Bu dava kapsamında bugüne kadar yargılanan askerlerin bir kısmı er, bir kısmı ise rütbeli asker. Rütbeli askerlerde Ankara Jandarma Özel Asayiş Birimi askerleri ve operasyonlara katıldıklarını, tutsaklara müdahaleyi gerçekleştiren askerler olduklarını bildiğimiz askerler.

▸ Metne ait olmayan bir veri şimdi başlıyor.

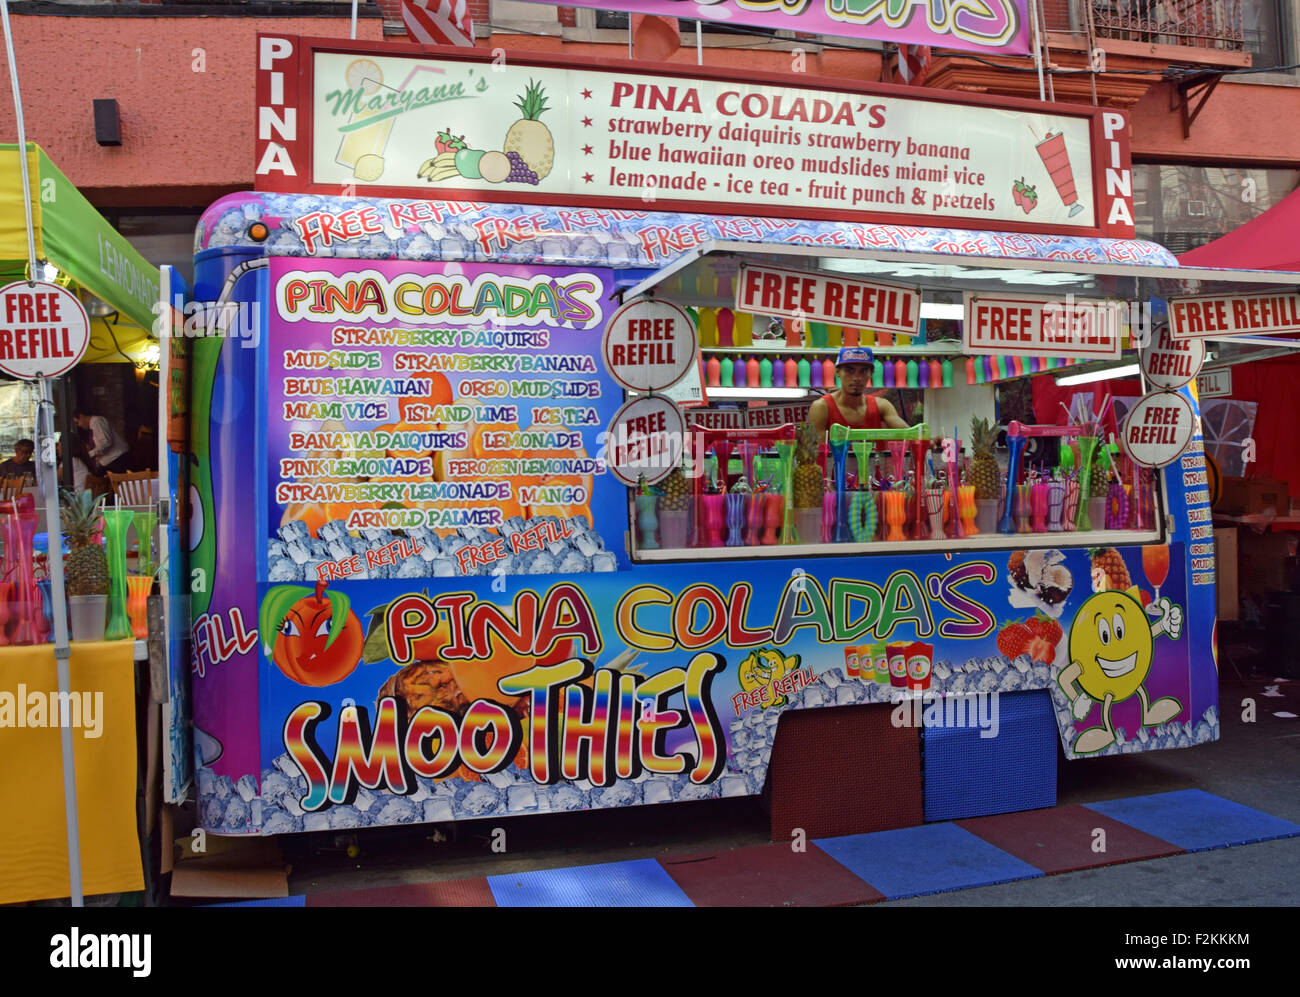 A truck at the San Gennaro Festival in New York selling beverages including Pina Coladas with free refills Stock Photo

Zaten operasyon planına göre de bu birlik askerleri, Bayrampaşa Hapishanesi’ndeki operasyonları gerçekleştirmiş. Bayrampaşa’daki tutsakların ölümünden bu askerlerin sorumlu olduğunu düşünüyoruz. Ancak bu bizim için yeterli değil tabi ki. Operasyonlardaki üst rütbeli generaller, bürokrasideki kişiler, siyasiler bugün operasyonun 22. yılında hala yargı dışında tutulmakta. Bunlar hakkında herhangi bir soruşturma veya dava açılmış değil. Biz bunların yargılanması için defalarca girişimde bulunduk ama maalesef hiçbirinde olumlu bir sonuç çıkmadı. Bu kişiler yıllar sonra ancak tanık olarak yargılanmalara dahil edildiler.

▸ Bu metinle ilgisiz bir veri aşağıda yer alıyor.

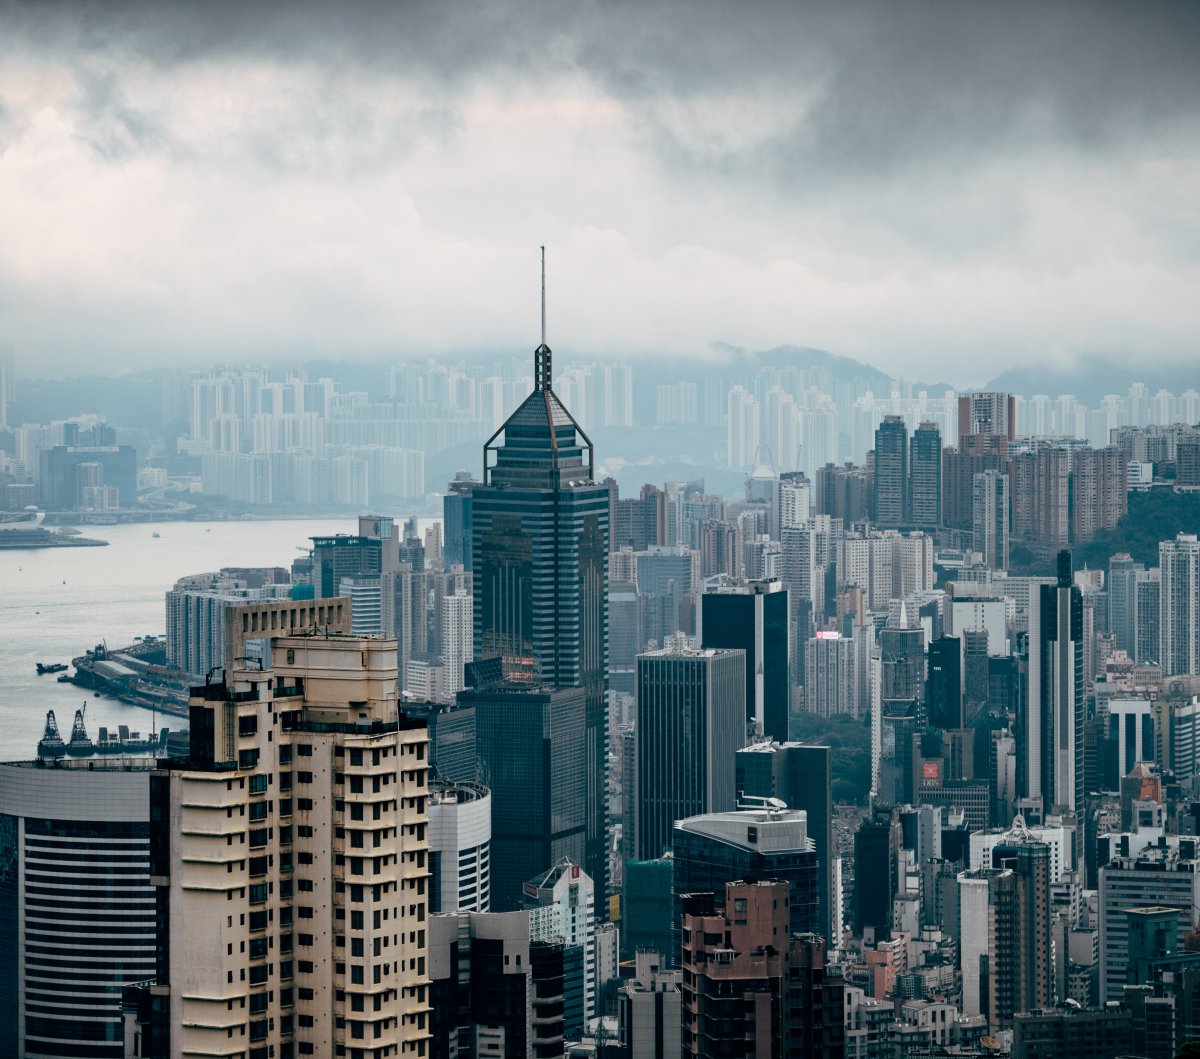 Pictures of Hong Kong with densely populated high-rise buildings

Sanık olması gereken dönemin üst rütbeli askerleri ancak tanık oldular davalarda. Dönemin Jandarma Genel Komutanı Aytaç Yalman, İstanbul İl Jandarma Komutanı Halil İbrahim Tüysüz, İstanbul Cumhuriyet Başsavcısı Ferzan Çitici, Jandarma Genel Komutanlığı İstihbarat Daire Başkanlığı’nda çalışan Albay Ali Aydın bunların hemen hepsi tanık olarak dinlendi. İki celse önce dönemin Ceza ve Tevkifevleri Genel Müdürü Ali Suat Ertosun dinlendi.

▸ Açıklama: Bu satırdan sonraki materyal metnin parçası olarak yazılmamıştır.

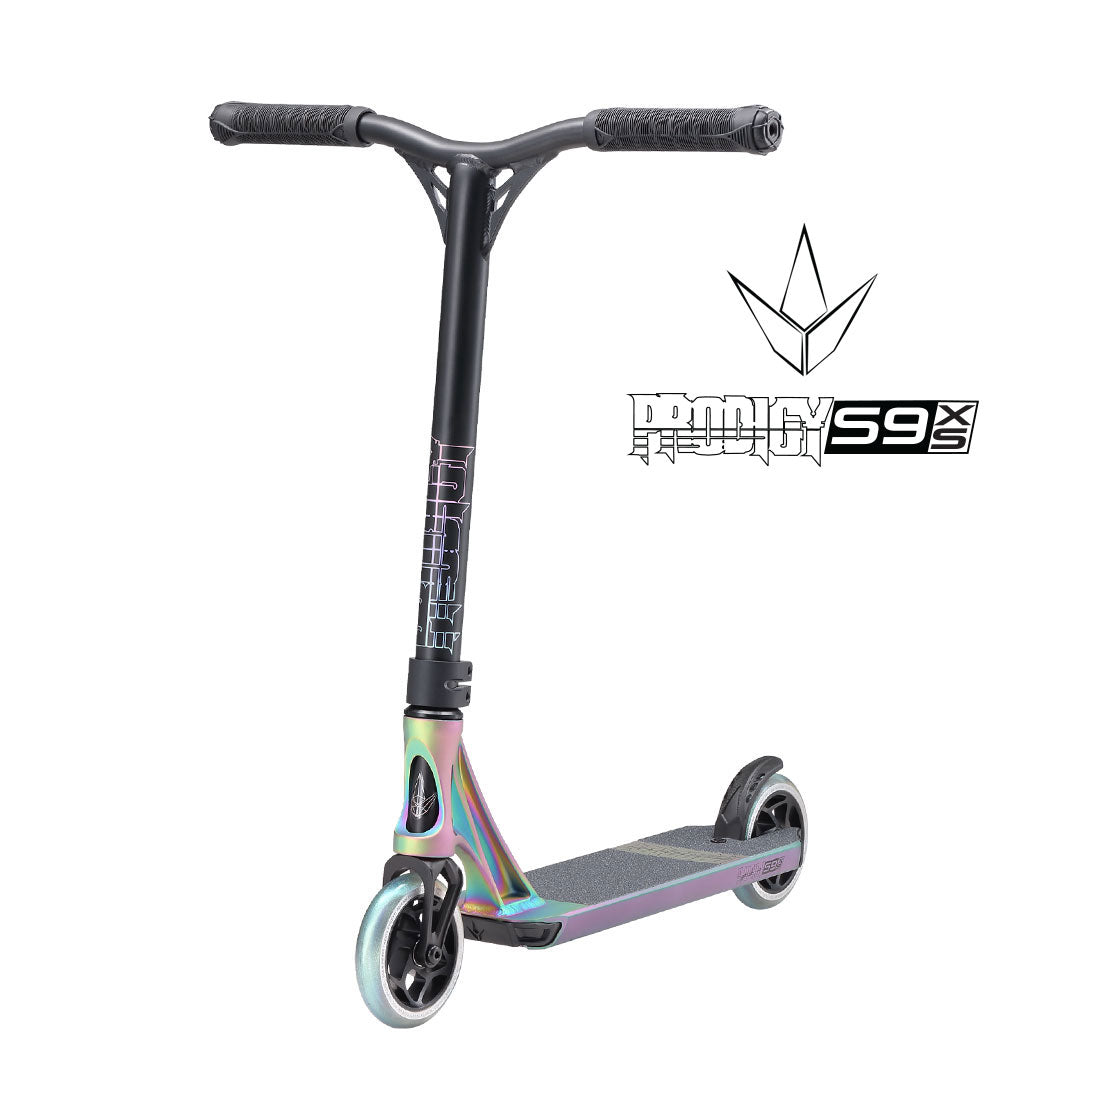 Envy Prodigy S9 XS Complete - Matte Oil Slick Scooter Completes Trick

Davda bütün deliller toplandı neredeyse. Tufan Harekât Planı olarak bilinen operasyon planı, 2011’de dava dosyalarına dahil edilmişti. Şu an dava kapsamında iki eksik nokta var. Biri Sadettin Tantan’ın dilenmesi. Diğeri ise bizim talebimiz doğrultusunda Milli Güvenlik Kurulu’na bir yazı yazılmıştı.

Aslında bu operasyonlarla ilgili önemli bilgi ve belgelerin önemli bir kısmı bu dava ile açığa çıktı.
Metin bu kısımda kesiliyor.